# Newbie in MN



## Fishkeeper (Dec 20, 2008)

Welcome !!! Hitman is a good sight for the money. :thumbs_up


----------



## mackedanzchr (May 5, 2011)

That's what I was thinking. I haven't seen one yet... save the pretty looking pictures on their site but, they look reasonably well built, with some really nice features. Any suggestions on releases? The one I used the other day was ... weird it wasn't a trigger style release. Looked like T - handle screw driver with a thumb release. I liked it once I got used to it but I can see how it might not be the best style for me to start with


----------



## Dthbyhoyt (Dec 4, 2004)

:welcome: 2 ArcheryTalk


----------



## buckchaser86 (Jun 10, 2009)

Welcome to AT!!   Good to see another Minnesotan!


----------



## Stump Shooter (Apr 13, 2006)

Another from MN here! TC area.


----------



## Double S (Mar 30, 2008)

Welcome to AT.


----------



## THE BULL (Feb 24, 2009)

Welcome to AT....Enjoy!


----------



## bushmasterar15 (Oct 23, 2004)

Welcome to Archery Talk.


----------



## Tim Roberts (Jul 13, 2002)

mackedanzchr.


----------



## mackedanzchr (May 5, 2011)

Thanks everyone!
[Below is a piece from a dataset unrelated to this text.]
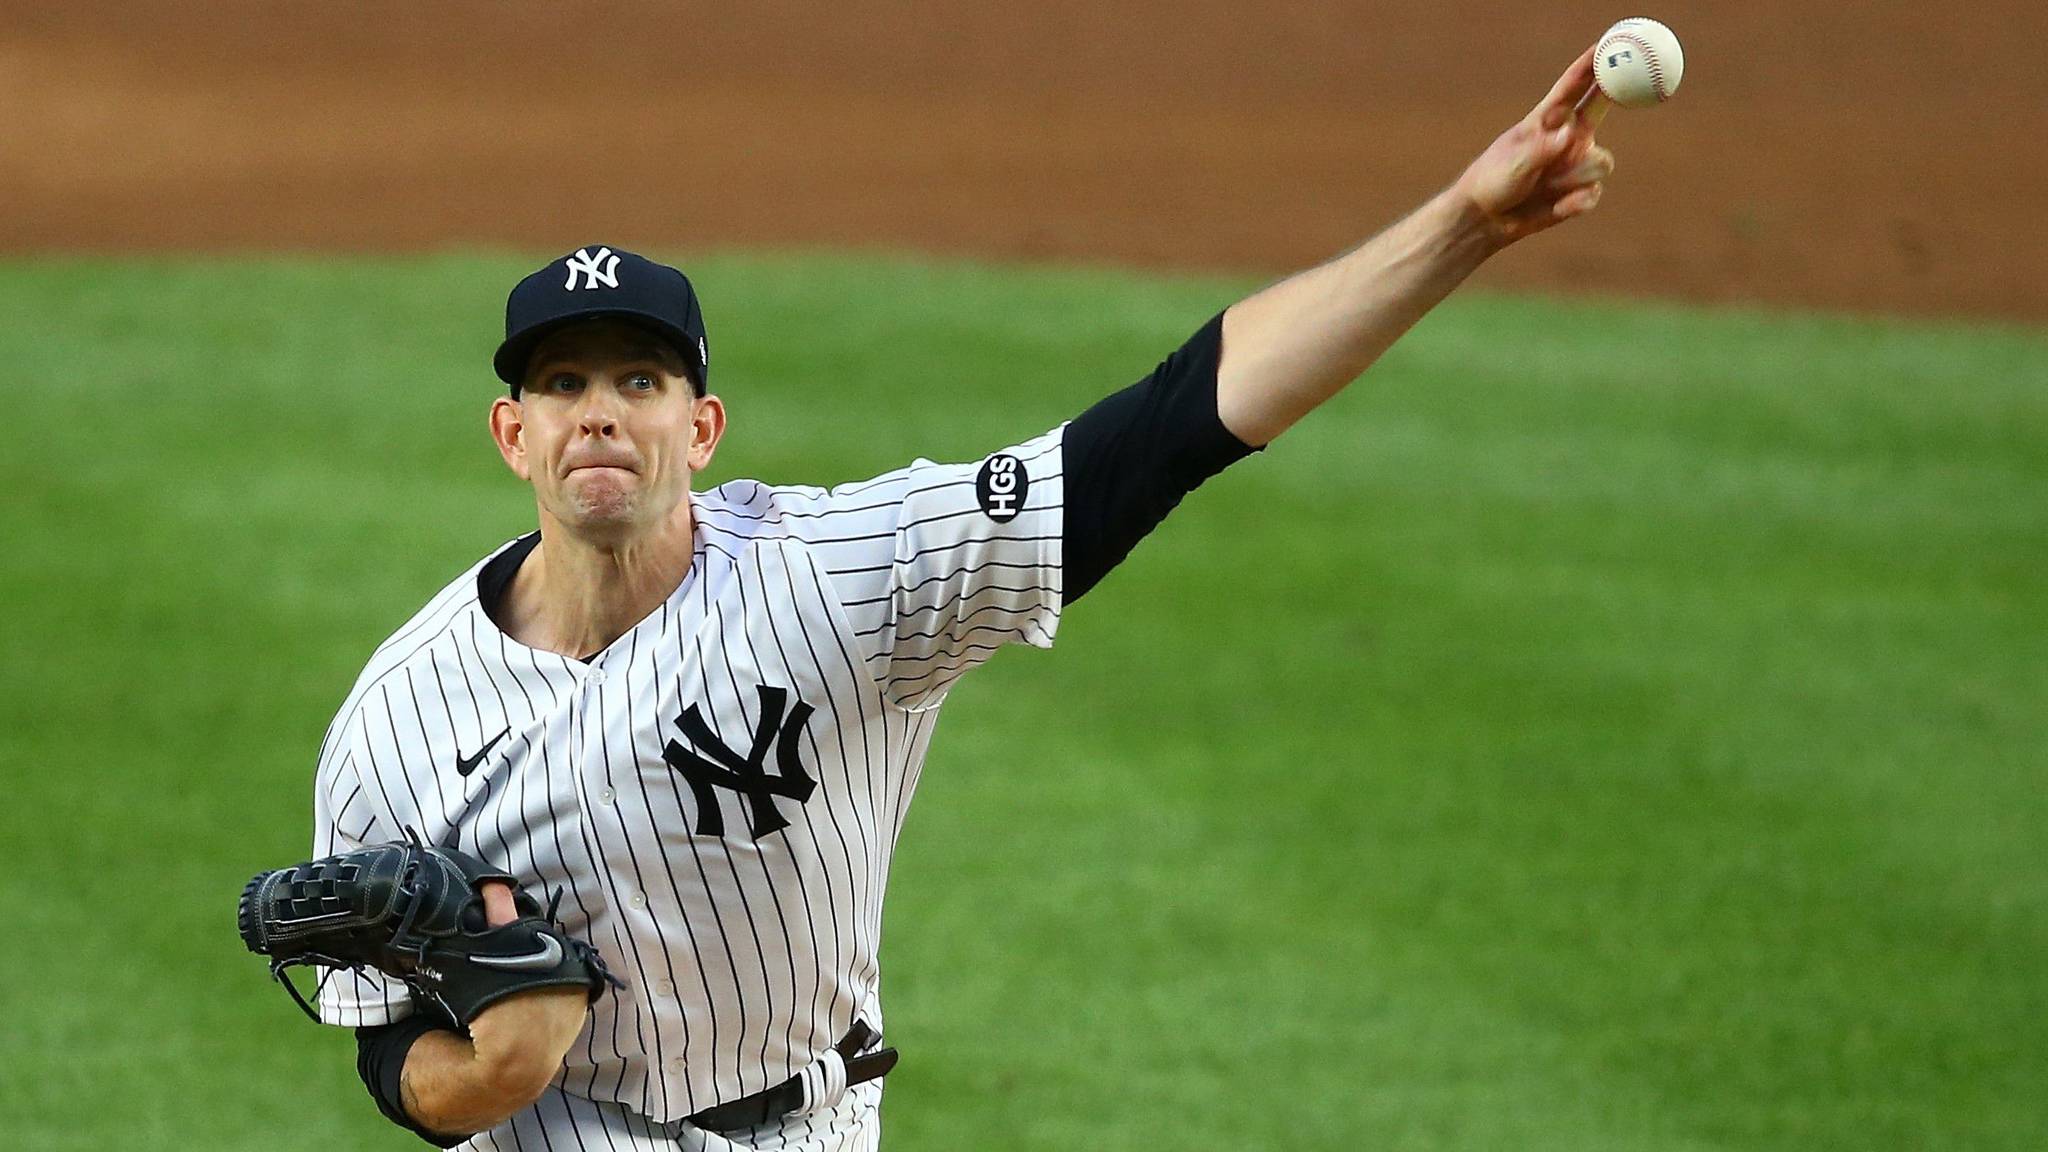 Mike Stobe / Getty Images 
After a stint with the New York Yankees, James Paxton returns to the organization that drafted, developed and helped him have his first MLB success. Paxton took less money to return this season to Seattle on a one-year contract.

I'm from Hutchinson. I've already found a ton of useful information for when I finally walk into the archery shop and buy my bow and accessories in well... a few months... have to pay off the other bills first but then it's time for fun!


----------



## JStinson (Aug 24, 2008)

Welcome, Newbie -- from an Ohio Buckeye!
I love this site & I'm sure you will too. 
See you around,
Jack
www.deerhuntingishard.blogspot.com


----------



## rycountryboy (Feb 21, 2008)

*:welcome: to AT*


----------



## pgaffney (Mar 10, 2011)

Welcome to AT! This is a great site for anyone interested in archery or hunting in general. If I can ever assist you in the area of whitetails let me know. Enjoy!:smile:


----------



## mackedanzchr (May 5, 2011)

Bought my first bow!

Bear Charge added the ripcord rest an apex 3 pin sight, stabilizer ... it shoots better than I can! Almost destroyed an arrow before they were paid for! LOL Will post some pics of it after I get some sleep.


----------



## wolfeman (Dec 3, 2010)

another MN here anoka area


----------



## pinski79 (Jan 23, 2010)

buckchaser86 said:


> Welcome to AT!!   Good to see another Minnesotan!


yup. good to see you


----------



## daltongang (Jul 29, 2009)

Welcome!


----------



## bummer (Jan 11, 2009)

Welcome aboard and good shooting.


----------